The USA Today is calling for foreign air carriers to put under the same new rules the domestic carriers have about keeping passengers cooped up on the tarmac. The article cites the fact that there were two dozen planeloads of passengers on the tarmac at JFK airport during the storm last week. Based on that, the USA Today wants more regulation. If you strand passengers now it’s a $27,000 per passenger fine, or over $2,000,000 per plane. It’s a good regulation if you only measure progress against stranding passengers.
How have the airlines avoided the fines. Simple, they just cancel the flight if there is any chance whatsoever there might be a 3 hour delay and they would have $2,000,000 per plane in fines. Since the regulation went into effect the percentage of flights cancelled has gone through the roof.
There is no question that the DOT regulations have reduced long tarmac delays for domestic passengers. The effects of the regulations on flight cancellation policies are less certain. According to Joshua Marks of Marks Aviation and Darryl Jenkins of The Airline Zone, who conducted a study titled “Summer 2010 Cancellations and the Five-Month Impact of the Three-Hour Tarmac Rule,” flight cancellations rose 18% over the same five-month period in 2009, potentially affecting 384,000 passengers, even though weather conditions in 2010 were better than those in the previous year. Marks and Jenkins argue that airlines’ systematic cancellation of flights is a pre-emptive tactic designed to avoid tarmac delay fines, and that the number of passengers helped by the three-hour rule is far lower than the number of passengers adversely affected by these anticipatory cancellations.
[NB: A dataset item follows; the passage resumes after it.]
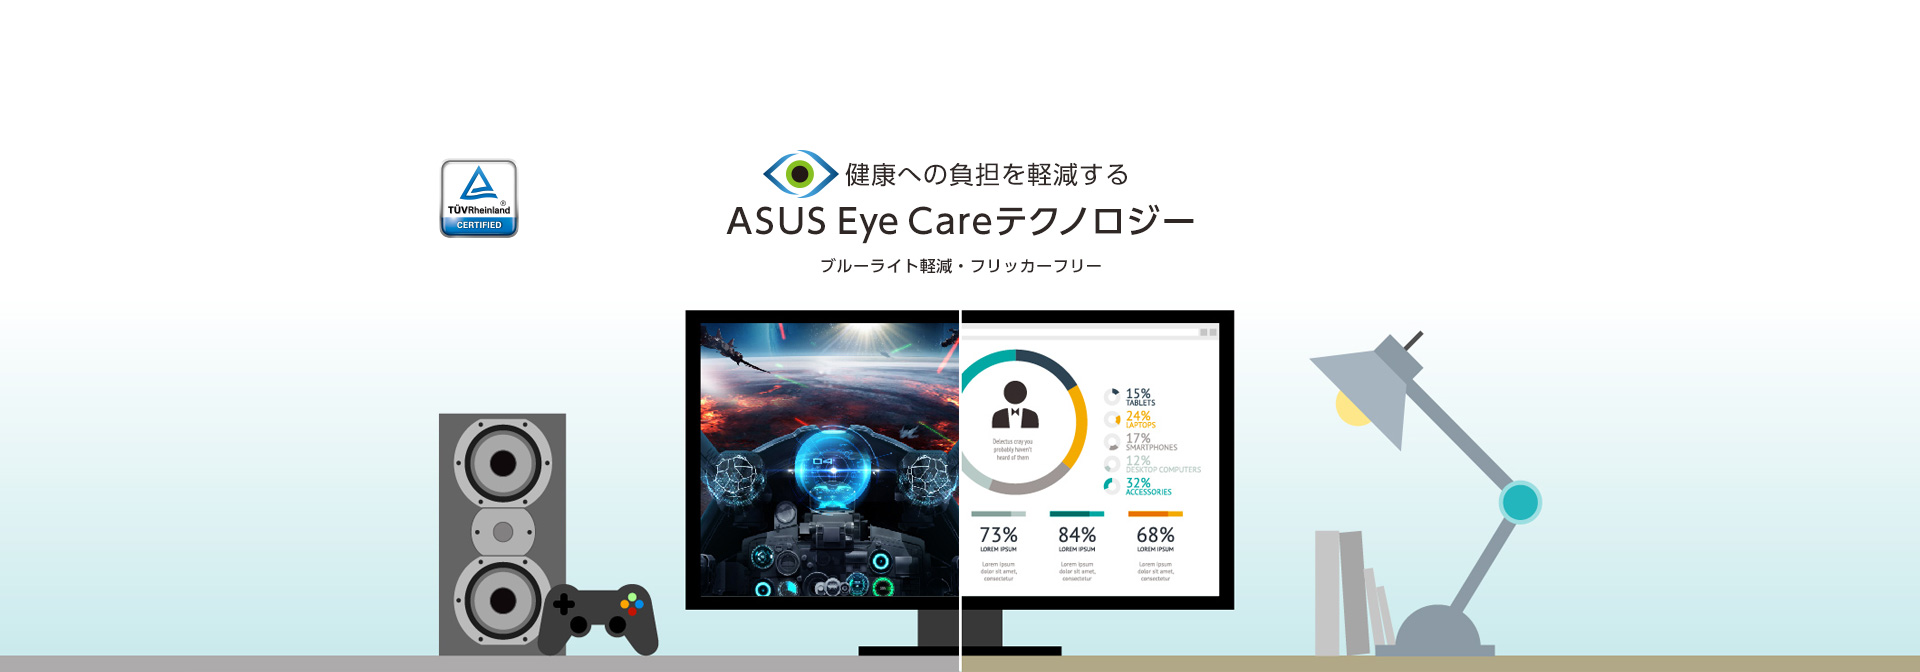 ASUS Eye Care Monitors

The USA Today is right, no domestic passengers were stranded on the tarmac during the storm in NYC, they were stranded at the airport for days. As soon as the threat of tarmac stranding looked possible, every domestic airline cancelled every domestic and foreign flight. The stranded, when this happens, doesn’t just occur at the airport where the storm happened, it happens at almost every airport that is scheduled to fly into that airport when the cancellations start.
So, this regulation works like most government regulation, to avoid the 1,000 situations of tarmac delays in 2009, we now have hundreds of thousands of flight cancellations we might not have had if the airlines went not in mortal fear of the huge fines. To keep 15,000 fliers from misery on the tarmac, we cancel the flights of hundreds of thousands of fliers.
Before the regulation went into effect, the airlines were cutting tarmac delays since every one became a media event and hurt their business and bottom line. The market was fixing the problem. But, our government wanted to get some publicity for fixing it faster. So, in normal fashion they put in regulations that fix what was already being fixed and created a bigger problem for travelers.